Istri pun berhak diajarkan masalah agama yang
sifatnya dharuuriy (mendesak) jika suami memiliki ilmu atau mengizinkan
istrinya menghadiri majlis ta’lim, karena kebutuhan memperbaiki keadaan
agamanya tidak kalah penting dengan kebutuhannya terhadap makan dan minum.
Jika
suami memiliki istri lebih dari satu, maka ia wajib berbuat adil dalam hal yang
bisa berbuat adil di sana
seperti dalam hal nafkah, tempat tinggal dan bermalam.
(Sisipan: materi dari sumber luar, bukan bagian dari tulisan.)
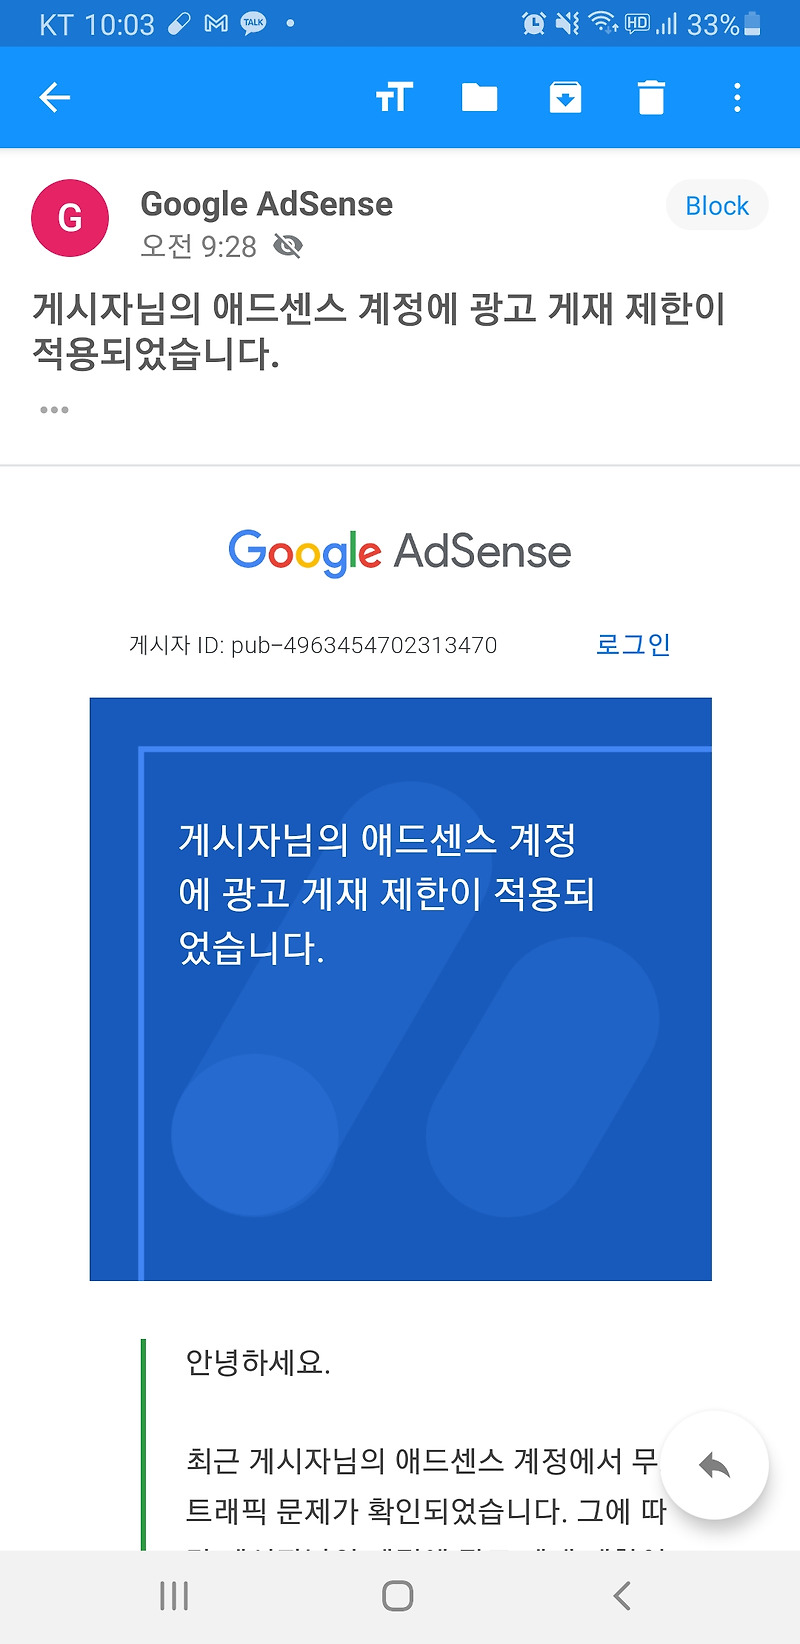 [정보] 이보시오 구글양반 애드센스 광고 게재 제한이라니오

Namun dalam hal yang
tidak mungkin berbuat adil di sana
yaitu dalam hal cinta, maka tidak mengapa lebih mencintai salah satunya
daripada yang lain (lih. An Nisaa’: 129). Demikian juga tidak mengapa
melebihkan salah satu istri dari yang lain dalam hal bermalam jika diridhai
oleh istri yang lain, sebagaimana yang dilakukan Saudah ketika menghibahkan
gilirannya kepada Aisyah radhiyallahu 'anha.
-
Hak
suami yang wajib dipenuhi istri
Hak suami yang wajib
dipenuhi istri di antaranya adalah menaatinya dalam hal yang bukan maksiat,
tidak mengizinkan seseorang masuk ke rumahnya kecuali setelah diizinkan suami,
meminta izin kepada suami ketika hendak puasa sunat, istri berusaha untuk tetap
bersama suami dan tidak meminta talaq kepadanya tanpa sebab, ridha’ dan qana’ah
(menerima apa adanya) dengan harta sedikit yang dimiliki suami serta tidak
membebani suami dengan beban yang berat (lih. Ath Thalaaq: 7) dsb.
Wallahu a’lam, wa shallallahu
‘ala Muhammad wa ‘alaa aalihi wa shahbihi wa sallam.